*** Opening of Material supplied ***
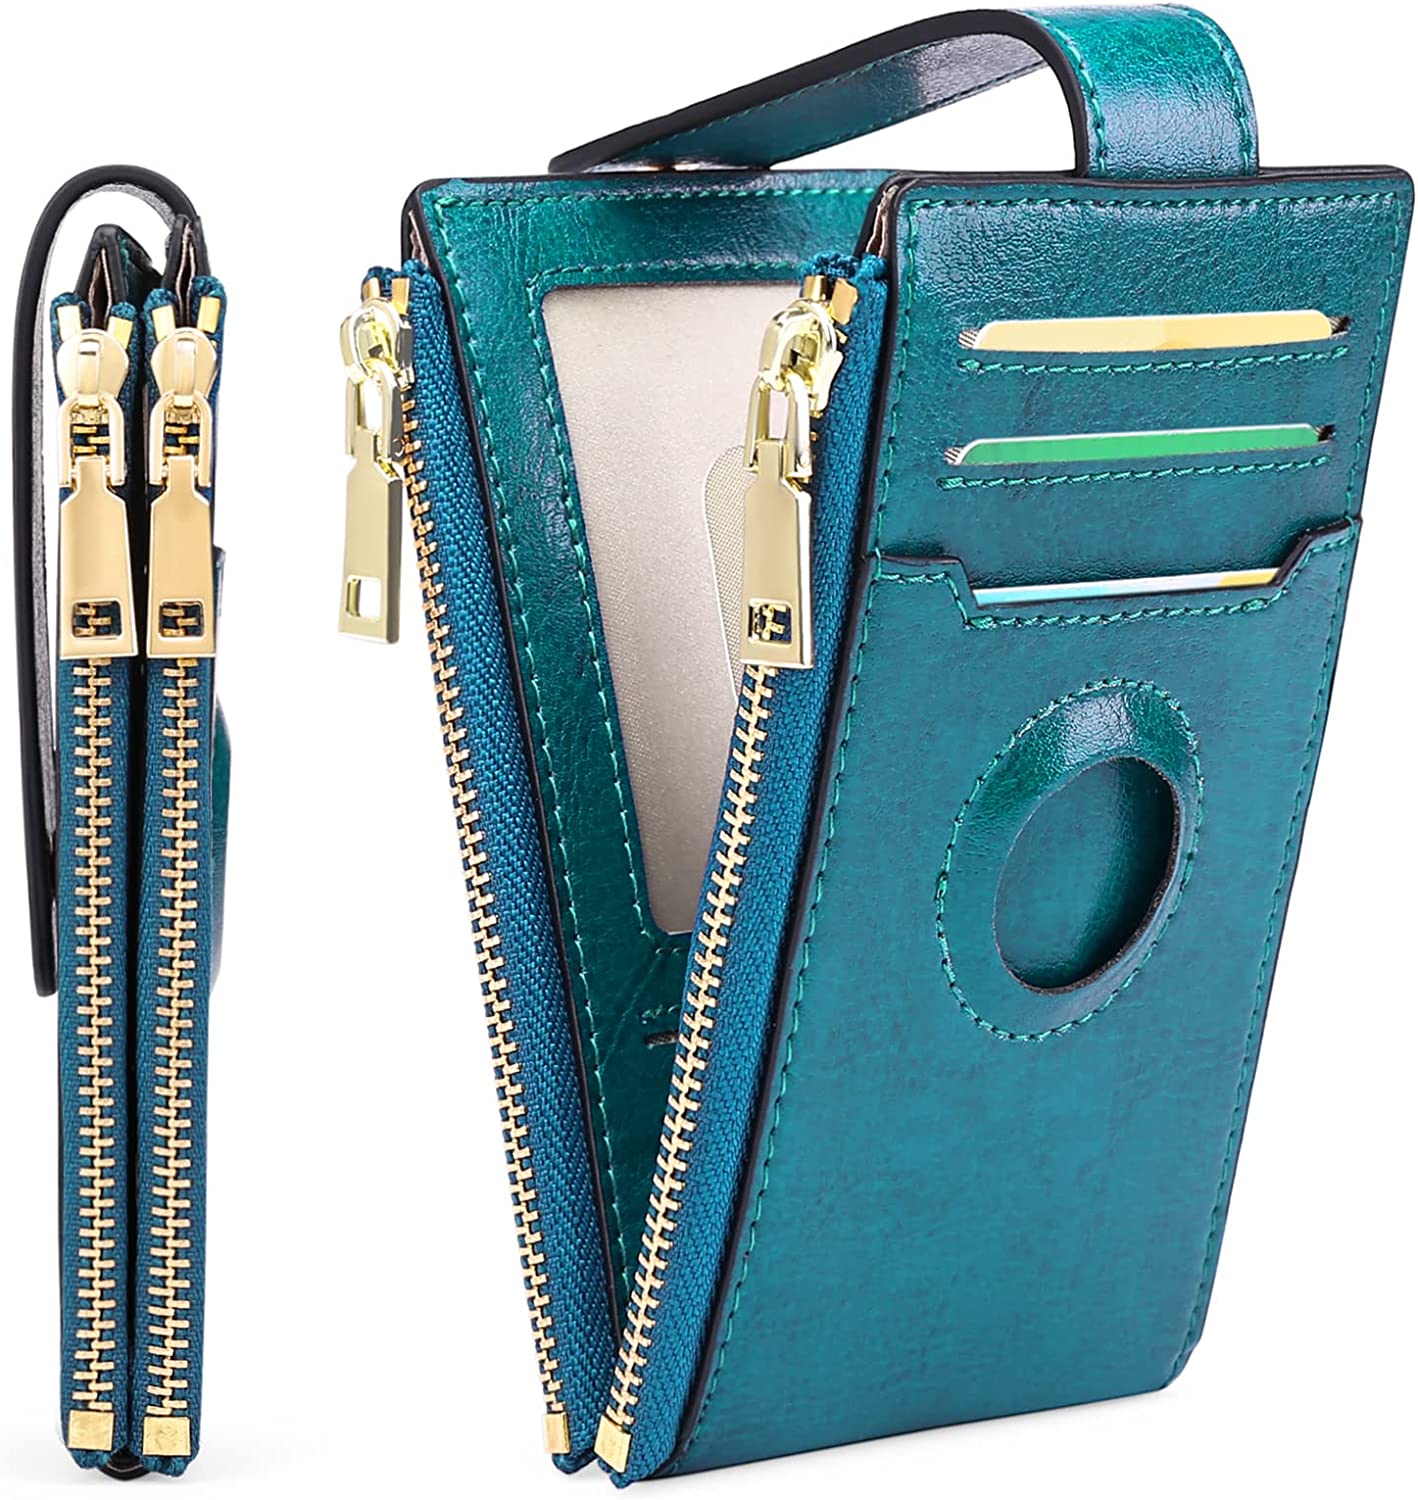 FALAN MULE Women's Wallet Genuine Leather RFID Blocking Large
*** Close of Material supplied ***
*** Opening of Material supplied ***
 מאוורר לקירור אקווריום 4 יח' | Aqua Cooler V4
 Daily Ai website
*** Close of Material supplied ***
*** Opening of Material supplied ***
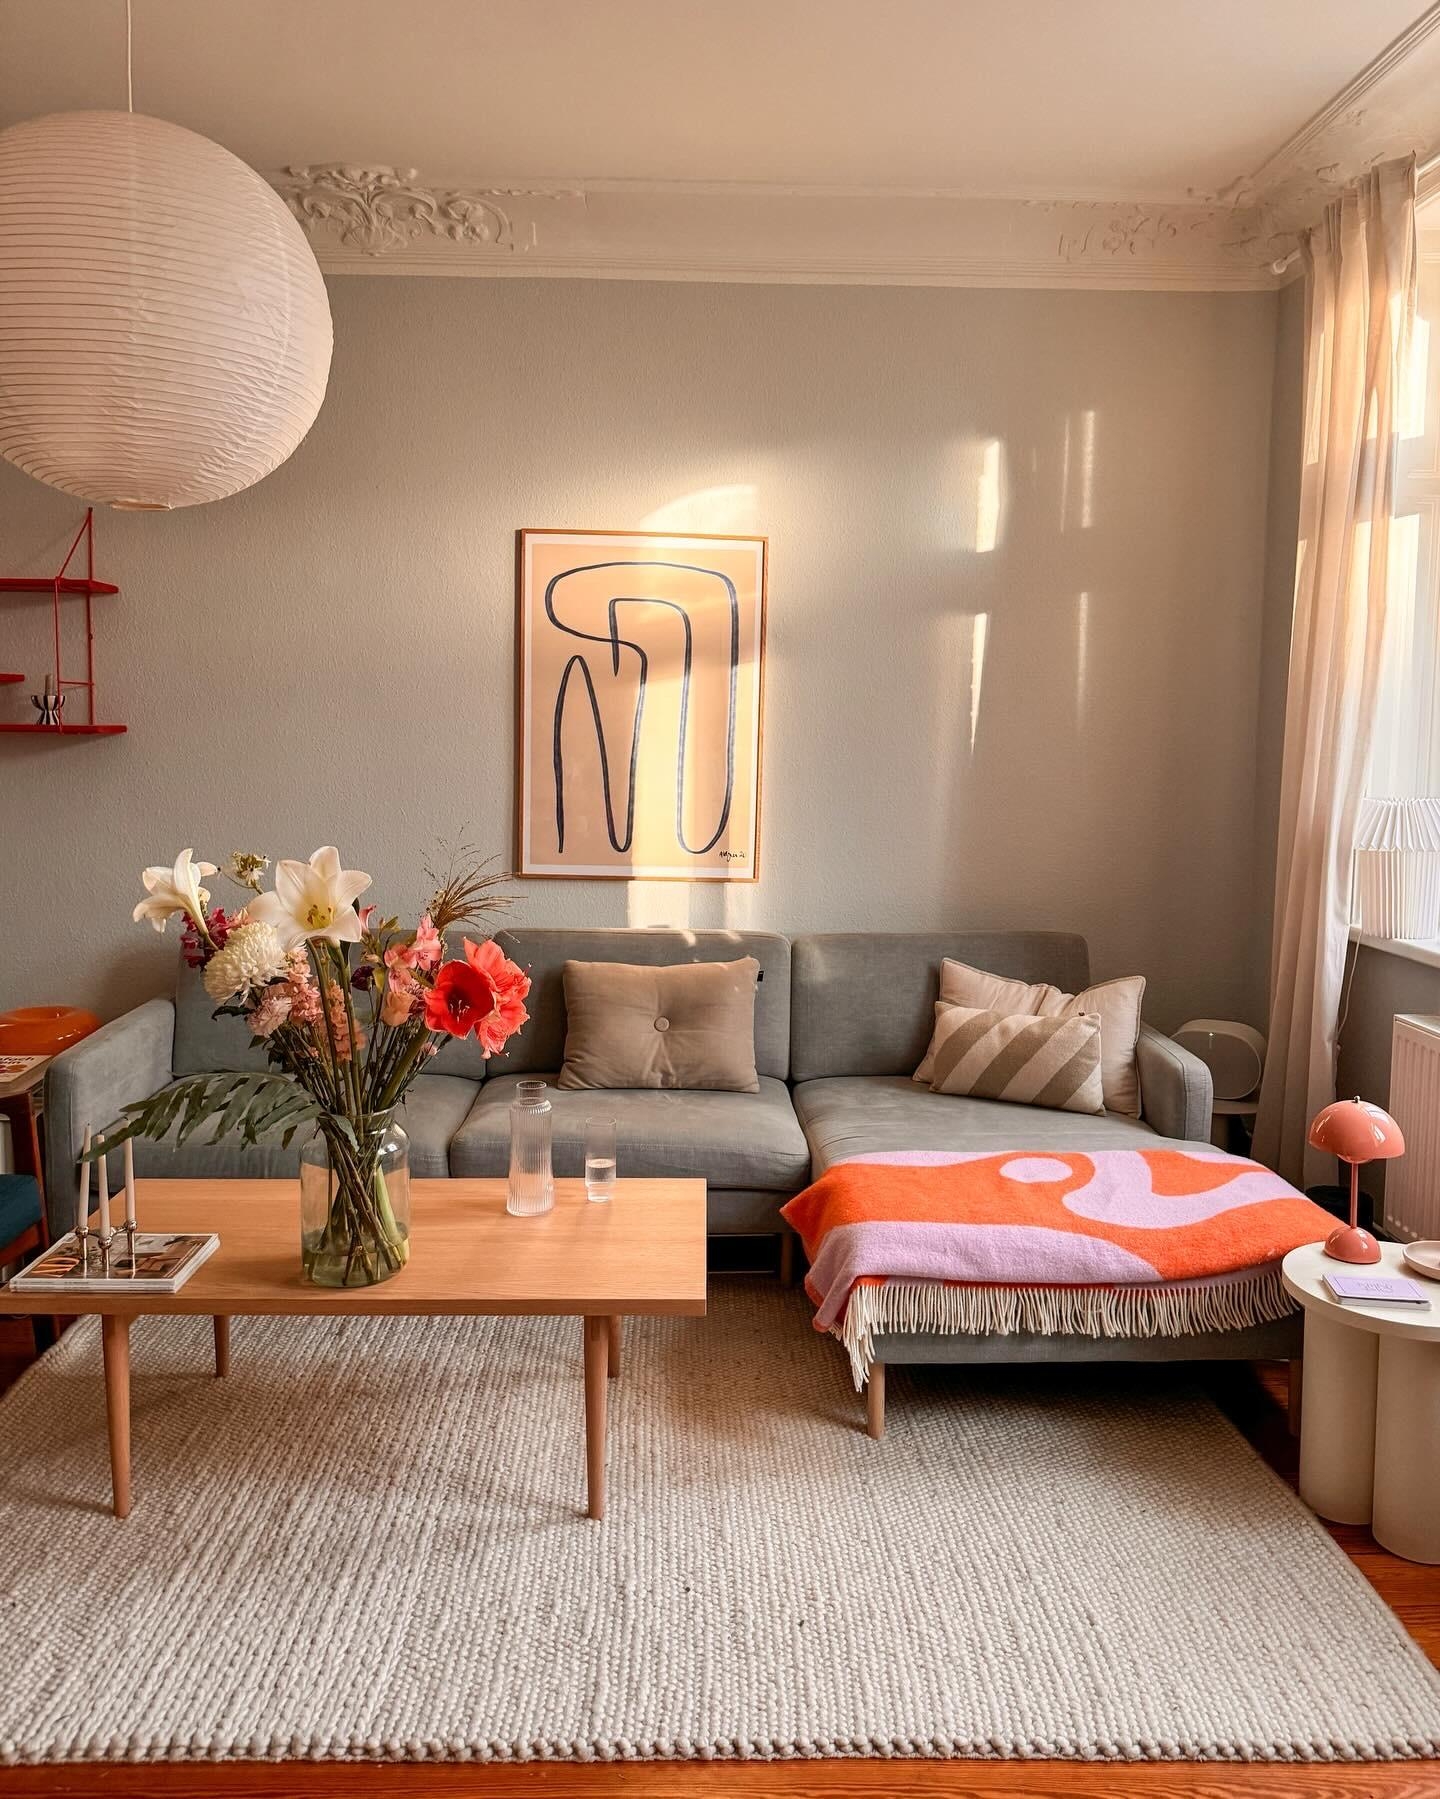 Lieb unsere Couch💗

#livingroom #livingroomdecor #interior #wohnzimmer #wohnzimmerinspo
*** Close of Material supplied ***
- [Work instructions]
Using the records above, print exactly the run of lines that starts with the line with "Lieb unsere Couch💗" and goes on through the line with "#livingroom #livingroomdecor #interior", pictures excluded.

- [Response]
 Lieb unsere Couch💗

#livingroom #livingroomdecor #interior #wohnzimmer #wohnzimmerinspo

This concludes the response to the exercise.